But the construction industry sought more workers, with job openings increasing by 129,000. There were an additional 38,000 vacancies in the arts, entertainment and recreation sector. Regionally, the decline was concentrated in the Midwest, South and West. The Northeast reported a moderate drop. Small and medium-sized businesses, who have been the drivers of job growth, accounted for most of the decrease, with establishments with a 1,000 workers and more reporting a small reduction in job openings. The job openings rate fell to 6.0% from 6.4% in January. DANGEROUS SITUATION
Stocks on Wall Street were trading lower. The dollar fell against a basket of currencies. U.S. Treasury prices rose.
The decrease in vacancies suggested that the Fed's
aggressive rate hikes to tame high inflation were starting to
yield results. But against the backdrop of banks tightening
lending standards, some economists worried about a sharp
weakening in the labor market. There has been a raft of layoffs,
mostly in the technology and housing sectors.
The Fed last month raised its benchmark overnight interest
rate by a quarter of a percentage point, but indicated it was on
the verge of pausing further rate hikes due to financial market
turmoil.
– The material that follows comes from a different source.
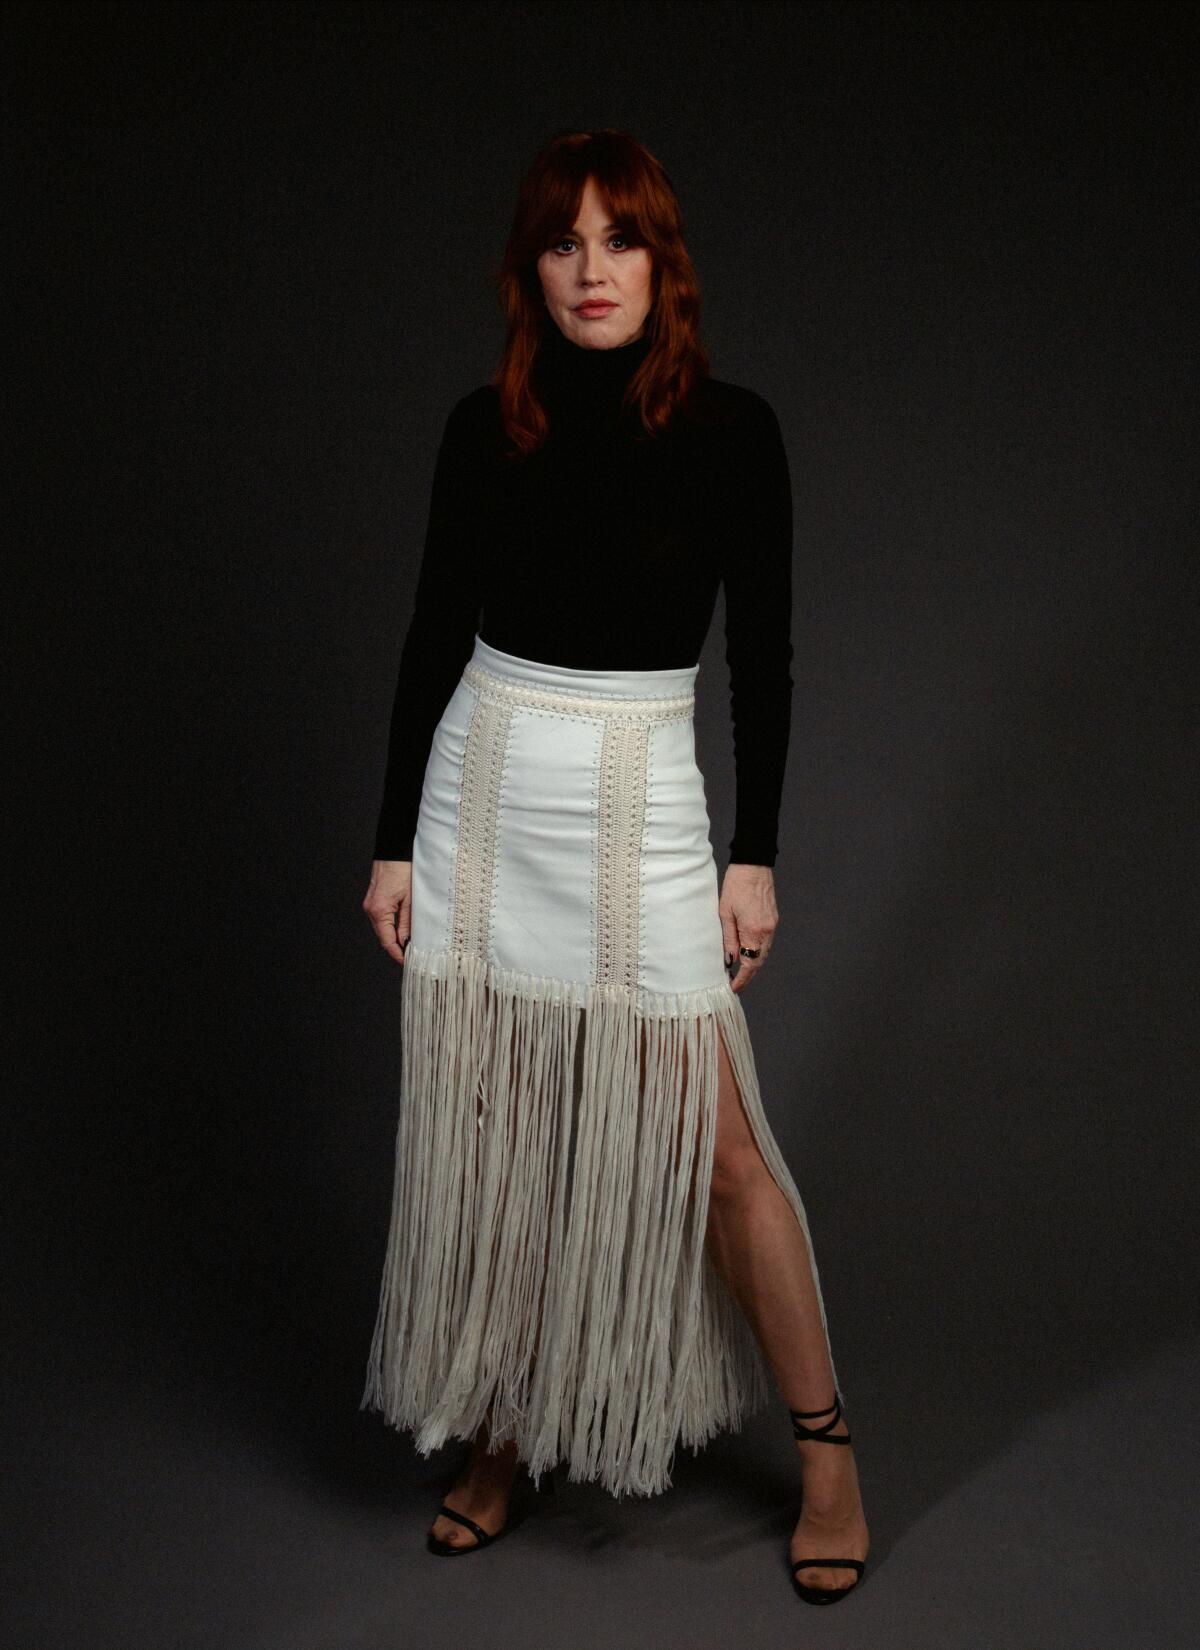 Molly Ringwald in black turtleneck and white skirt.

The U.S. central bank has hiked its policy rate by 475
basis points since last March from the near-zero level to the
current 4.75%-5.00% range.
"The labor market was starting to lose steam even before the
banking crisis hit the economy in March and this sets up a
dangerous situation where tighter credit conditions could prompt
actual layoffs in the months ahead as corporations struggle to
get costs under control," said Christopher Rupkey, chief
economist at FWDBONDS in New York.
Hiring fell to 6.2 million from 6.3 million in January. That
lowered the hires rate to 4.0% from 4.1% in the prior month.
Even as job openings declined, the number of people
voluntarily quitting their positions increased 146,000 to 4.0
million. The resignations were mostly in small businesses.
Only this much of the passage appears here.